Par Yvon Muya
Le nouveau président congolais Félix Tshisekedi fêtait ses 100 premiers jours à la tête du pays ce dimanche 5 mai 2019. Une période incontournable pour tout dirigeant nouvellement entré en fonction. Pour la RDC, qui célèbre également sa première alternance au sommet de l’État, c’est un président volontaire et dynamique, que les Congolais ont découvert au cours de 100 derniers jours. Mais dans un mandat quasiment de cohabitation, avec le clan Kabila, « Fatshi », aura-t-il les coudées franches pour réaliser ses promesses ?
Cela faisait longtemps depuis Mobutu que les Congolais avaient vu un président aussi proche du peuple. Ce commentaire qui revient assez régulièrement depuis le 24 janvier 2019, date à laquelle Félix Tshisekedi a été assermenté, témoigne du changement de style depuis trois mois et dix jours au plus haut sommet du pouvoir à Kinshasa . À l’écoute du congolais moyen, parfois un peu trop émotif quand il va ce jour-là jusqu’à réhabiliter une femme victime d’un conflit foncier, Félix Tshisekedi a cherché surtout à imprimer l’image d’un président des gens ordinaires.
Programme de secours
Mais devant d’immenses défis sociaux, économiques et des demandes en termes d’infrastructures, auxquels le pays fait face, le président comprend tout de suite que jouer le Père Noël n’était pas le meilleur moyen de préserver sa bonne image. Privé de la majorité au Parlement, empêtré dans d’interminables discussions sur la formation d’un nouveau gouvernement avec le FCC, la gourmande coalition de l’ancien président Joseph Kabila, le volontaire Tshisekedi se résout à lancer un programme de 100 jours.
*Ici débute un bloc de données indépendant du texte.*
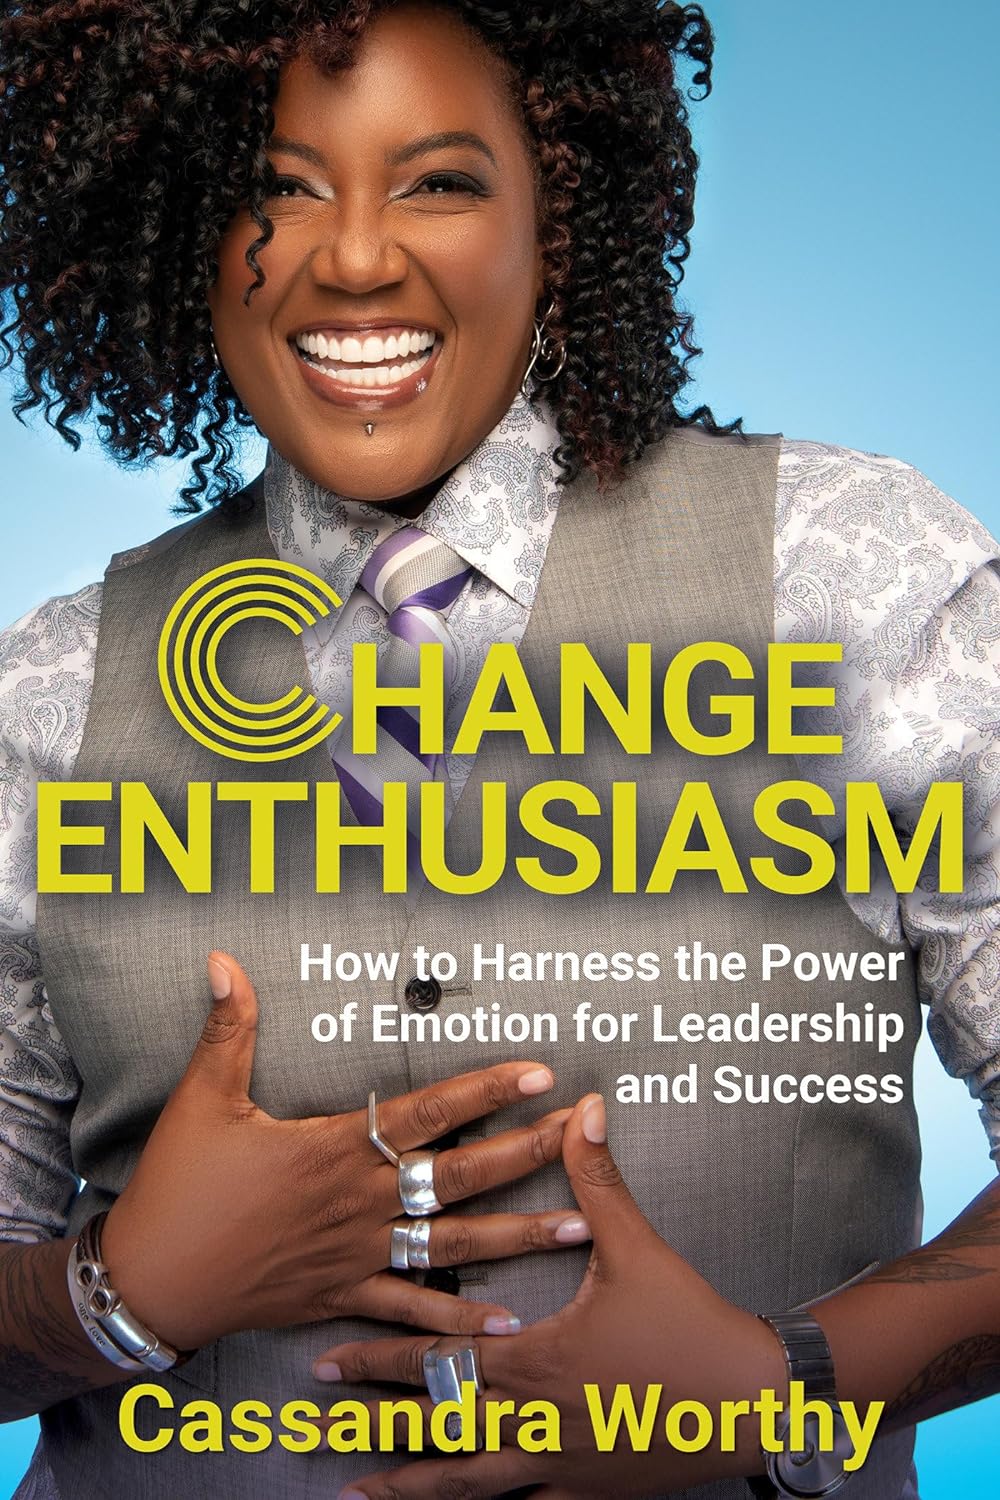 https://www.amazon.com/Change-Enthusiasm-Harness-Emotion-Leadership/dp/1401961770
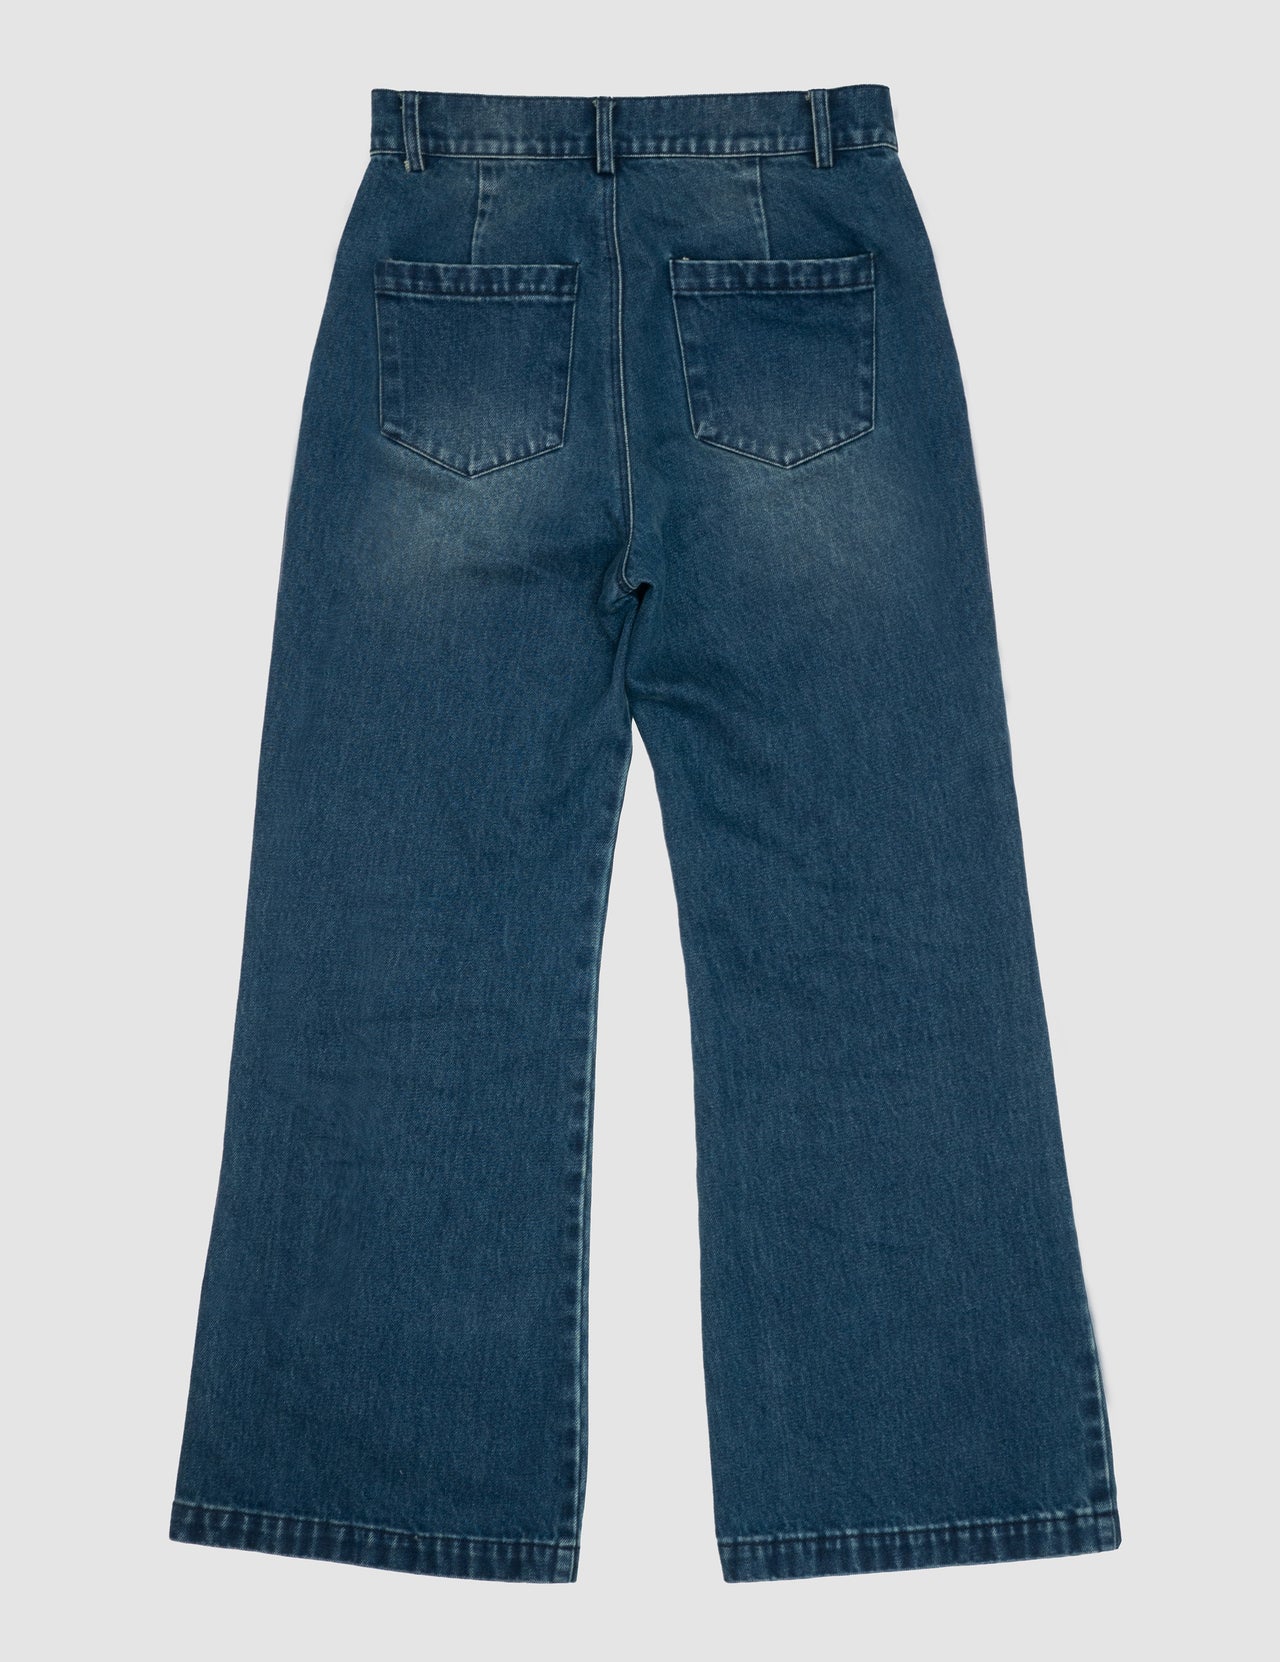 Studded Jeans (Indigo)

Qualifié de plan d’urgence, la feuille de route a pour objectif de montrer un président au travail. Résultat, routes, ponts, bâtiments, en quelques semaines seulement, quelques infrastructures sont construites ou réhabilitées. Mais avec un budget d’environs 80 millions de dollars alloué aux sites retenus, difficile de réaliser des miracles et de servir tout le monde. Idem pour les infrastructures sanitaires, les écoles et les logements sociaux, qui devront attendre le prochain gouvernement et les moyens beaucoup plus conséquents pour leur réalisation.
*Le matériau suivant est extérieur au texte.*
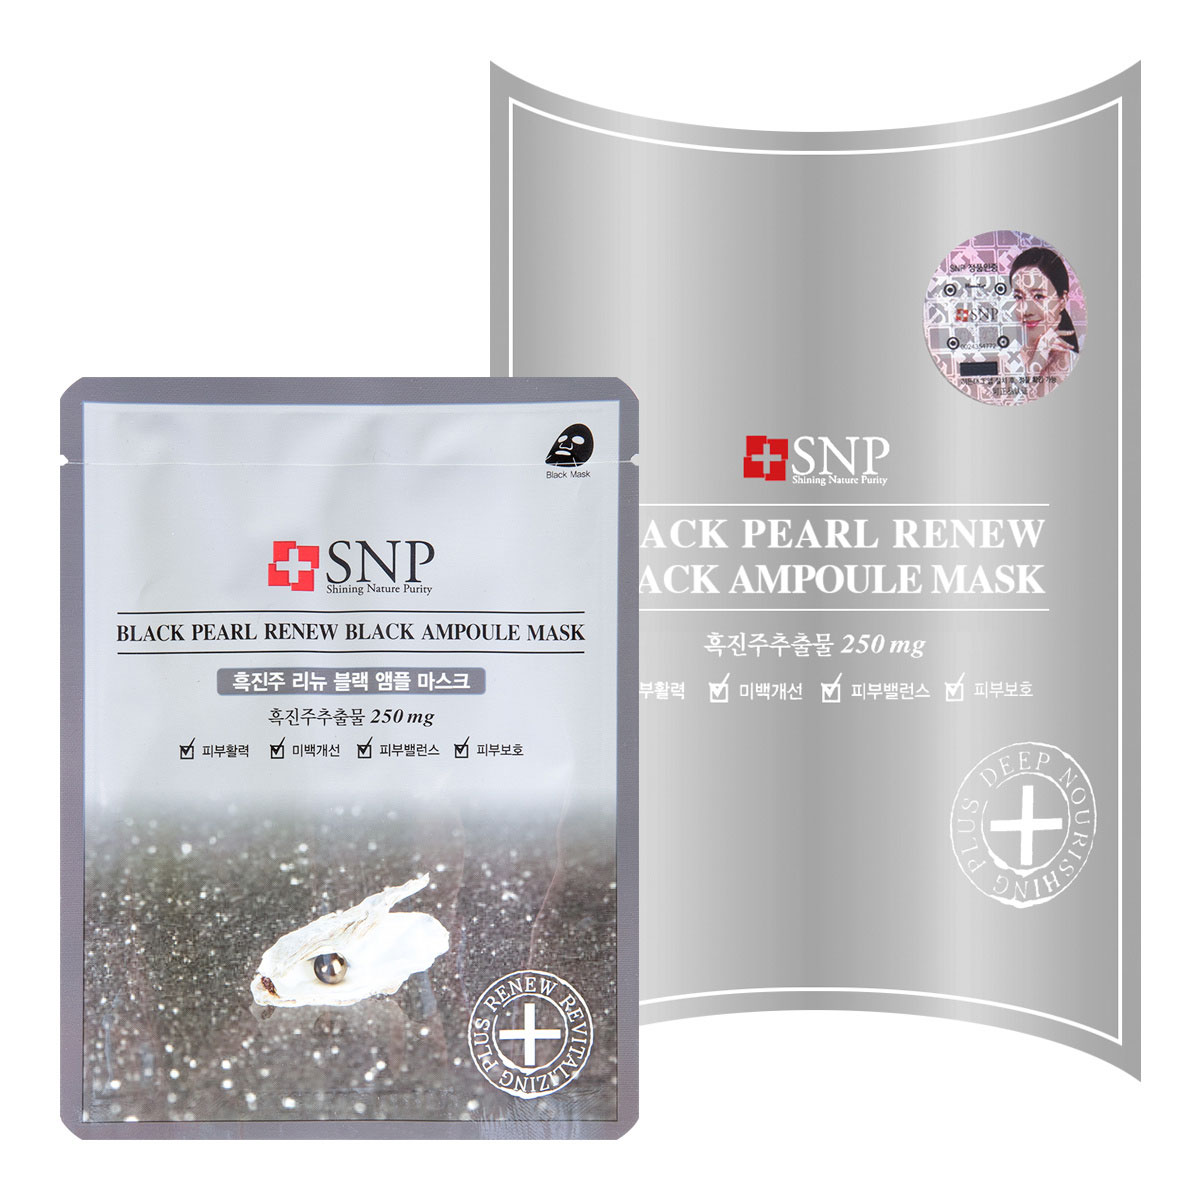 SNP Black Pearl Renew Black Ampoule Mask (10piece)

En attendant, Félix Tshisekedi fait carton plein dans le domaine de l’apaisement du climat politique et de droits de l’homme. En libérant notamment les prisonniers politiques. Restés derrière les barreaux malgré les accords de la Saint Sylvestre, les opposants Frank Diongo, condamné à 5 ans de prison pour outrage au Chef de l’État sous Joseph Kabila, l’avocat Firmin Yangambi, écroué en 2009 après une condamnation pour tentative d’organisation d’un mouvement insurrectionnel ou encore récemment les opposants Jean-Claude Muyambo et Eugène Diomi Ndongala qui n’ont cessé de dénoncer des procédures politiques. Tous ont retrouvé la liberté. Tandis que dans l’entourage du Chef de l’État on assure avoir fait fermer tous les cachots secrets de l’Agence nationale des renseignements (ANR). Comme le président l’avait promis dès les toutes premières minutes dans les habits de Président.
Le peuple, d’abord ?
Il faut dire qu’après les années Kabila marquées par des tensions et la défiance mutuelle entre l’opposition et l’ancien régime, en 100 jours, Félix Tshisekedi a inauguré une nouvelle ère dans les rapports entre le pouvoir et le premier cité. « Sous ma présidence aucun Congolais ne sera iniquité pour avoir émis ses opinions », répète le Chef de l’État. Alors que, de la parole aux actes, son principal opposant Martin Fayulu, n’en finit pas d’occuper la rue dans une quasi indifférence de la présidence de la république. De quoi honorer le credo de l’Udps, son parti, et de son père, à savoir, la restauration d’un État en RDC ? Félix Tshisekedi s’en tirera incontestablement avec la mention très grande distinction.
Mais le fils d’Étienne Tshisekedi le sait, ce n’est pas sur le terrain de l’amnistie en faveur des politiciens que la grande majorité de Congolais l’attendent. Pour réaliser le slogan « Le peuple d’abord » laissé par l’ancien opposant historique, le successeur de Joseph Kabila aura besoin de bien plus que la volonté de vider les prisons. Saura-t-il convaincre ses partenaires du FCC, ultra dominateurs dans toutes les autres institutions, à prioriser le bien-être social de la population ? Tel est le défi du nouvel homme fort du pays durant non pas les 100 jours mais tout le quinquennat.